Coordination with CITIES
The CITIES hereby designate Shelly Hargrove of the City of Georgetown, Debbie
Charbonneau of the Village of Salado, and Nancy Yawn of the City of Round Rock as the
Project Coordinators, through whom the PUBLISHER shall coordinate all work efforts and
meetings pertaining to the PROJECT. The PUBLISHER shall attend meetings as determined by
the Project Coordinators for the CITIES, in accordance with the Scope and Services and
Schedule. The PUBLISHER may rely upon the accuracy and completeness of information
provided to it by the CITIES to the extent noted by the CITIES.
V.
Compensation and Method of Payment
The parties agree that the PUBLISHER shall be compensated for services provided
pursuant to this Contract in the amount and manner set forth in the Compensation Schedule
attached hereto as Exhibit "B," the same being attached hereto and incorporated herein by
reference for all purposes.
VI.
Standard of Care; Confidentiality; Right to Inspect
The PUBLISHER will exercise due diligence and care and will perform and complete all
work related to the PROJECT in a good and workmanlike manner in accordance with customary
standards in the industry. Acceptance by the CITIES should not constitute or be deemed a
release of the responsibility and liability of PUBLISHER, its employees, agents, or associates,
for the exercise of skill and diligence to promote the accuracy and competency of its designs,
information, plans, specifications or any other document; nor shall acceptance be deemed to be
the assumption of such responsibility by the CITIES with respect to any defect or error in the
documents prepared or work done by PUBLISHER, its employees, agents, or associates.

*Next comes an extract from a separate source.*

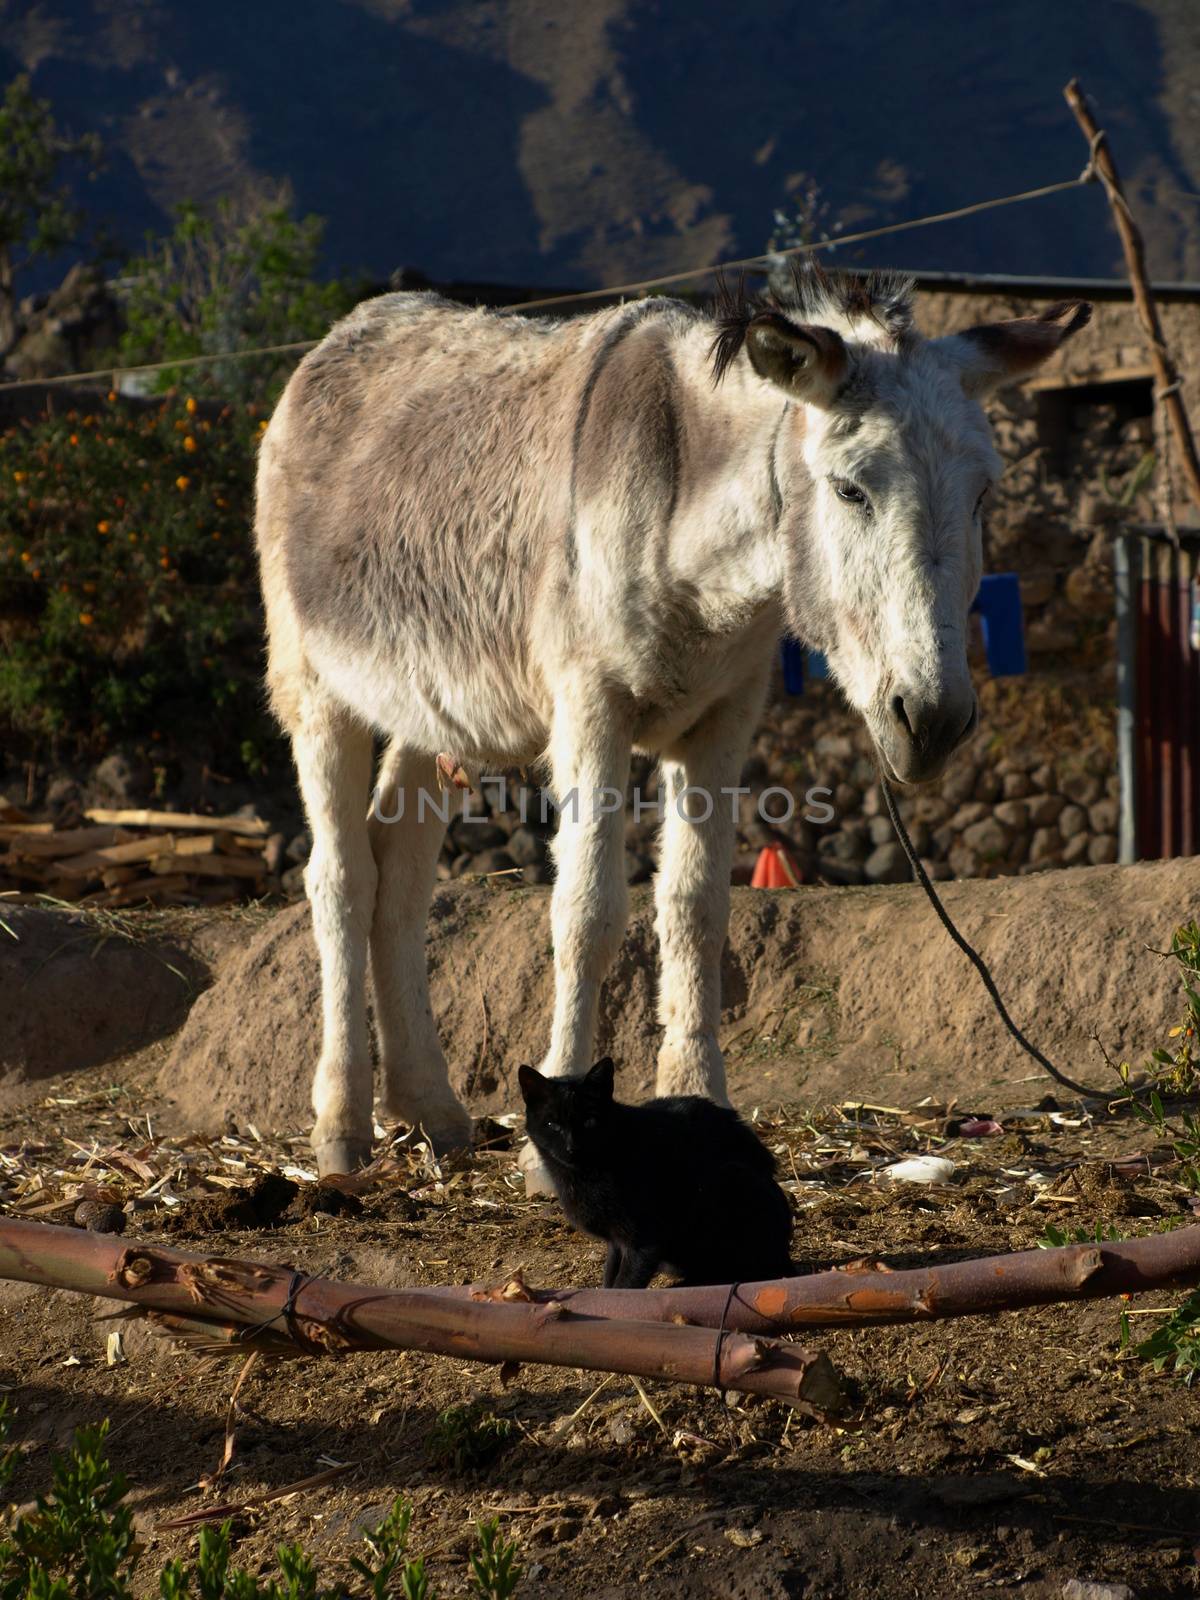 White donkey and black cat (Cabanaconde, Peru)

The PUBLISHER shall not, either during or after the term of this Contract, disclose to
any third party any confidential information relative to the work or the business of the CITIES
without the express prior written consent of the CITIES.
The CITIES and the Project Coordinators shall at all times have access to the work for
the purpose of inspecting the work and determining that the work is being performed in
accordance with the terms of this Contract.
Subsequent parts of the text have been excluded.